Until you realize this is a neon-hued nightmare about being slowly buried alive since the day you were born.

On Twitter, @MisfitTorah shared the following:

I Saw the TV Glow is about much, much more than that. But it is also very specifically about that. Still, if you wanted to ignore the gorgeous overt trans allegory, the film remains a captivating exploration of how television can act as a spiritual salve for trauma. Oh, it’s definitely a crutch and a coping mechanism. But Schoenbrun isn’t finger wagging about pop culture addiction so much as celebrating it as a lifeline. Celebrating may be too strong a word for a movie that is deeply, profoundly sad. Then again, it’s also the year’s best so far, so pop a bottle maybe?  

The show at the center of I Saw the TV Glow is Buffy the Vampire Slayer. It’s not, but it totally is. It’s technically called The Pink Opaque and follows two teenagers who fight an evil supernatural villain as he sends “freak of the week” monsters after them. High-schooler Maddy (Brigette Lundy-Paine) is obsessed with it. When she first meets the younger Owen (Ian Foreman and then Justice Smith), she sees something in him and convinces him to sneak out, come over to her place, and watch the next episode. He isn’t instantly smitten with it so much as he knows immediately that it is important somehow.

Because this is the late 1990s, years before Netflix asked anyone if they were still watching, Maddy records and shares VHS tapes of The Pink Opaque with Owen. He still isn’t allowed to watch. At least in part because his dad dismisses it as a show “for girls.” After a rumor is spread about Maddy, she decides to run away, begging Owen to come with her. He panics. He isn’t ready. She disappears. The show gets canceled. Owen’s mom dies. Deeply, profoundly sad…

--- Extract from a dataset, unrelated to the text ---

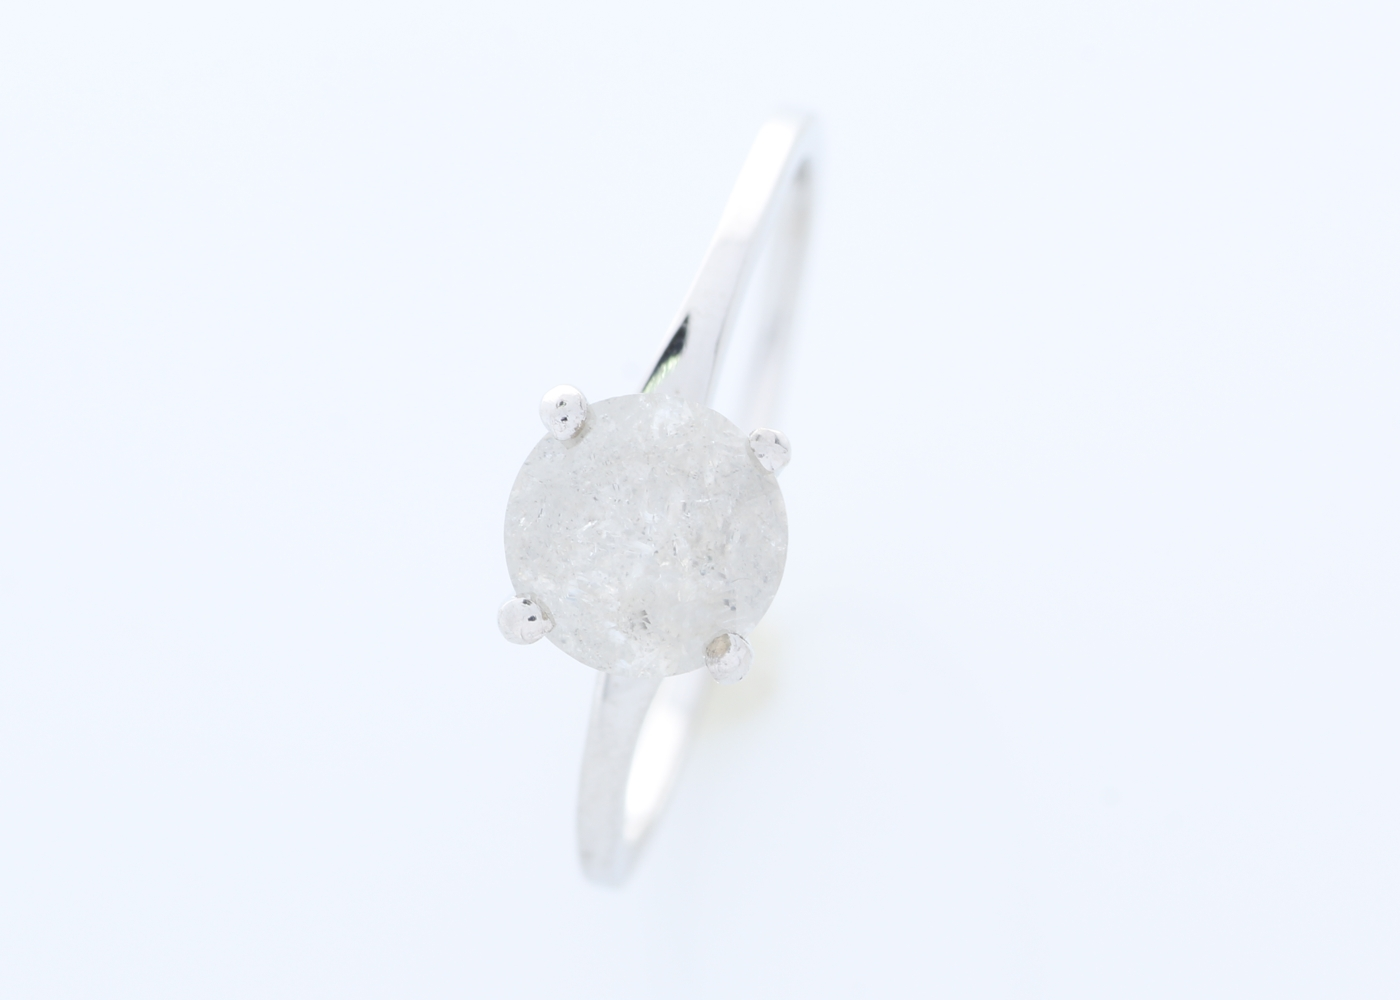 18k White Gold Wire Set Diamond Ring 1.05 Carats

A decade later, Owen is working a dead-end job at a movie theater when Maddy reappears and is very different. Maddy explains that The Pink Opaque is real and that Owen is a part of it. The rest feels like it should be revealed by the movie and not a synopsis, but sufficed to say the metaphor is made literal, and the last half hour has far more in common with Beau Is Afraid than anyone could have expected.

That final act is a doozy. It is the kind that makes you immediately want to watch the whole thing again. And why not? It goes down easy, with a soundtrack that summons the very essence of Lilith Fair and a luminous visual flare. Two films in and Schoenbrun has already established a signature style and palate that doesn’t feel like thievery passed off as homage, a la Quentin Taratino or Edgar Wright.

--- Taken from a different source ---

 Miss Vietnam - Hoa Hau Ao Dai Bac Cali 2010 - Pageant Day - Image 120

What’s amazing is how perfectly they convey the sense of dread at the core of the narrative. It is claustrophobic and terrifying. Again, while the tragedy has an explicitly trans nature, Schoenbrun taps into universal fears of a life mis-lived, the suffocation of never having been alive in the truest sense. Here, at this awful inflection point where so many seem to be unable to recognize what is at stake for young trans people, what a powerful way to drive home a life-or-death point.

Grade = A+

Other Critical Voices to Consider

Sarah G. Vincent says “Schoenbrun may attract more than studio money, but award accolades with this film. It is the kind of film that will be rewatched obsessively with closed captions on. At least, it will be a cult hit. At most, it will bring a wellspring of healing for movie lovers who did not even recognize that they had wounds.”

Siddhant Adlakha at Mashable says “The film is the disturbing sum of its lingering sensations that burrow their way beneath your skin, refusing to leave even after you’ve left the theater, or once you’ve cried yourself to sleep. But at the same time, its totality — the sheer fact of its existence, as an unbridled, uninhibited expression of the self — is exuberant and overwhelming.”

Deirdre Crimmins at Rue Morgue says “Though it may not be intentional, the greatest strength in Schoenbrun’s films to date is their ability to function like cinematic Rorschach tests. Adolescence and adoration are near-universal experiences, and with the characters given the space to feel big feelings, each viewer can bring their history of these feelings into these films and have their own experience.”